His Life at Great Dixter




Enjoyable and revealing biography of the gloriously eccentric and opinionated gardener and writer, Christopher Lloyd ('Christo'), who created the garden at Dixter in East Sussex. One of the greatest English gardneners of the 20th century, Christo was probably the finest plantsman of them all.

Christopher Lloyd (Christo) was one of the greatest English gardeners of the twentieth century, perhaps the finest plantsman of them all. His creation is the garden at Great Dixter in East Sussex, and it is a tribute to his vision and achievement that, after his death in 2006, the Heritage Lottery Fund made a grant of £4 million to help preserve it for the nation. This enjoyable and revealing book - the first biography of Christo - is also the story of Dixter from 1910 to 2006, a unique unbroken history of one English house and one English garden spanning a century.

It was Christo's father, Nathaniel, who bought the medieval manor at Dixter and called in the fashionable Edwardian architect, Lutyens, to rebuild the house and lay out the garden. And it was his mother, Daisy, who made the first wild garden in the meadows there. Christo was born at Dixter in 1921. Apart from boarding school, war service and a period at horticultural college, he spent his whole life there, constantly re-planting and enriching the garden, while turning out landmark books and exhaustive journalism. Opinionated, argumentative and gloriously eccentric, he changed the face of English gardening through his passions for meadow gardening, dazzling colours and thorough husbandry.

As the baby of a family of six - five boys and a girl - Christo was stifled by his adoring mother. Music-loving and sports-hating, he knew the Latin names of plants before he was eight. This fascinating book reveals what made Christo tick by examining his relationships with his generous but scheming mother, his like-minded friends (such as gardeners Anna Pavord and Beth Chatto) and his colleagues (including his head gardener, Fergus Garrett, a plantsman in Christo's own mould).

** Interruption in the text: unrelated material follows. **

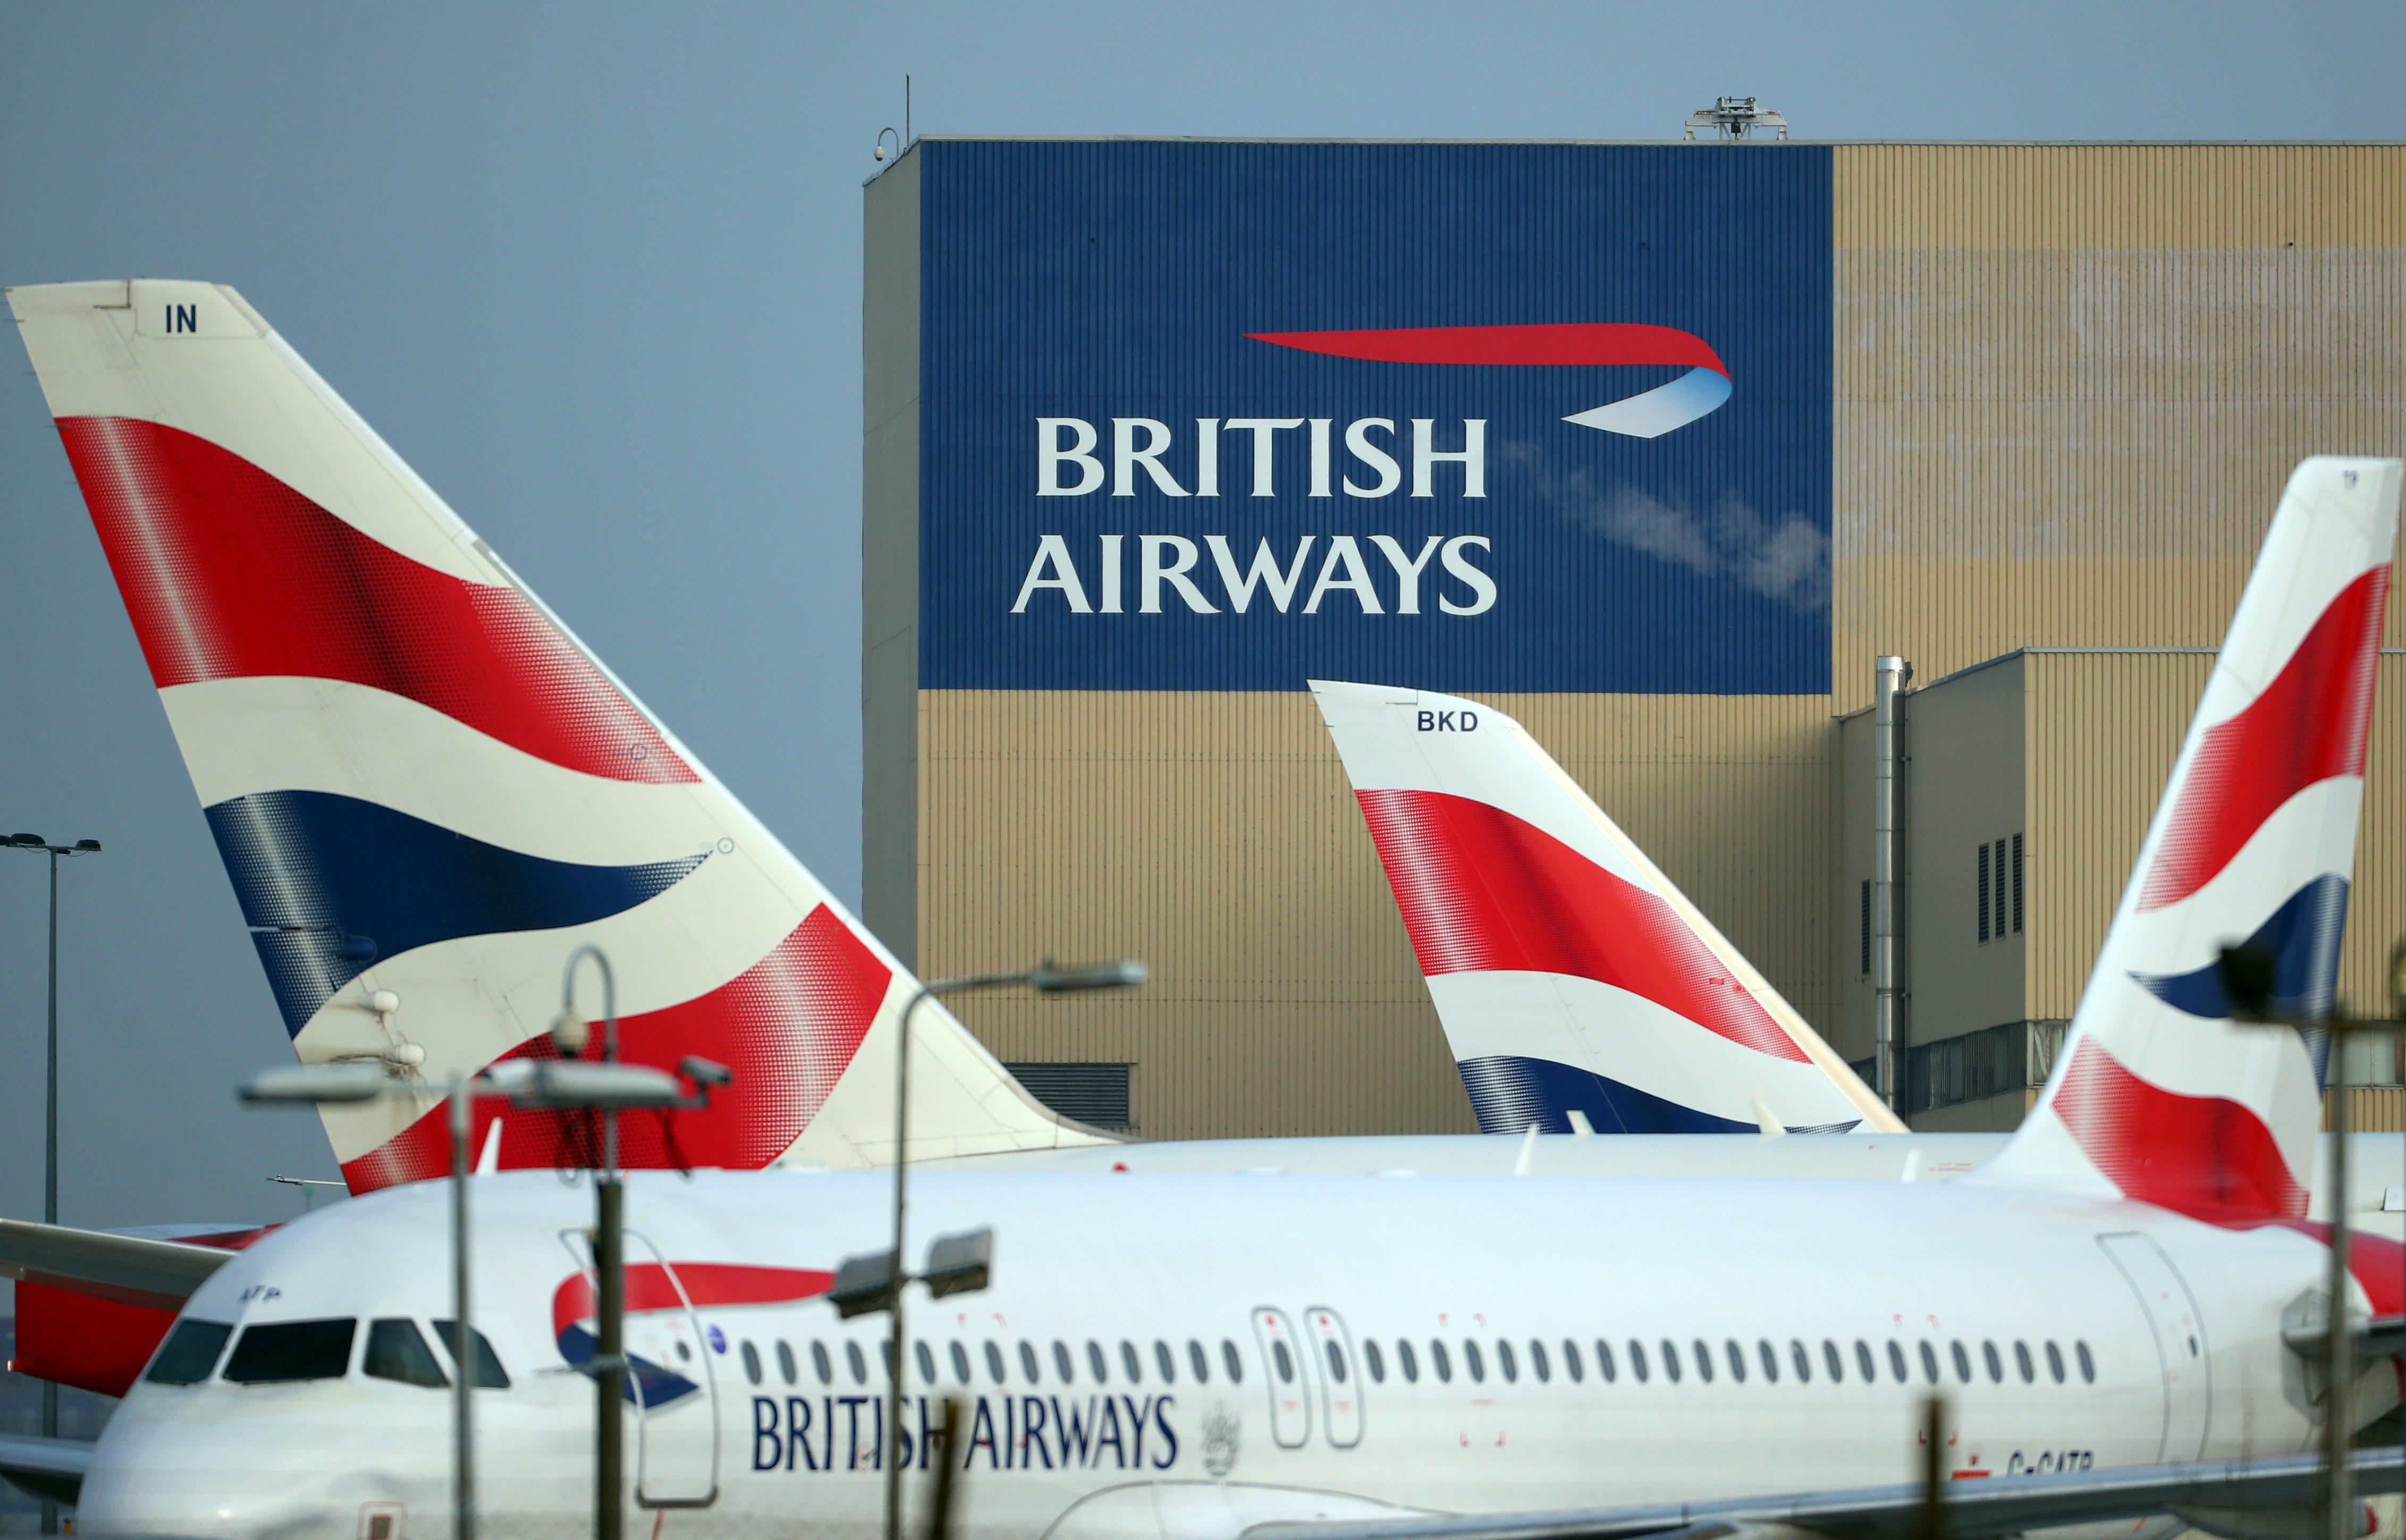 British Airways Website And Mobile App

  • Published: 1 July 2010
  • ISBN: 9781409077367
  • Imprint: Vintage Digital
  • Format: EBook
  • Pages: 256

About the author

Stephen Anderton

Stephen Anderton is an award-winning journalist, author, broadcaster and lecturer, both in the UK and abroad. Stephen has written and contributed to a number of books about gardens, including Christopher Lloyd: His Life at Great Dixter, the revealing biography of the gloriously eccentric gardener and writer, Christopher Lloyd ('Christo'), who created the garden at Dixter in East Sussex. He has also presented the ITV television series Britain's Best Back Gardens in 2003 and 2004, and is the gardening correspondent of The Times.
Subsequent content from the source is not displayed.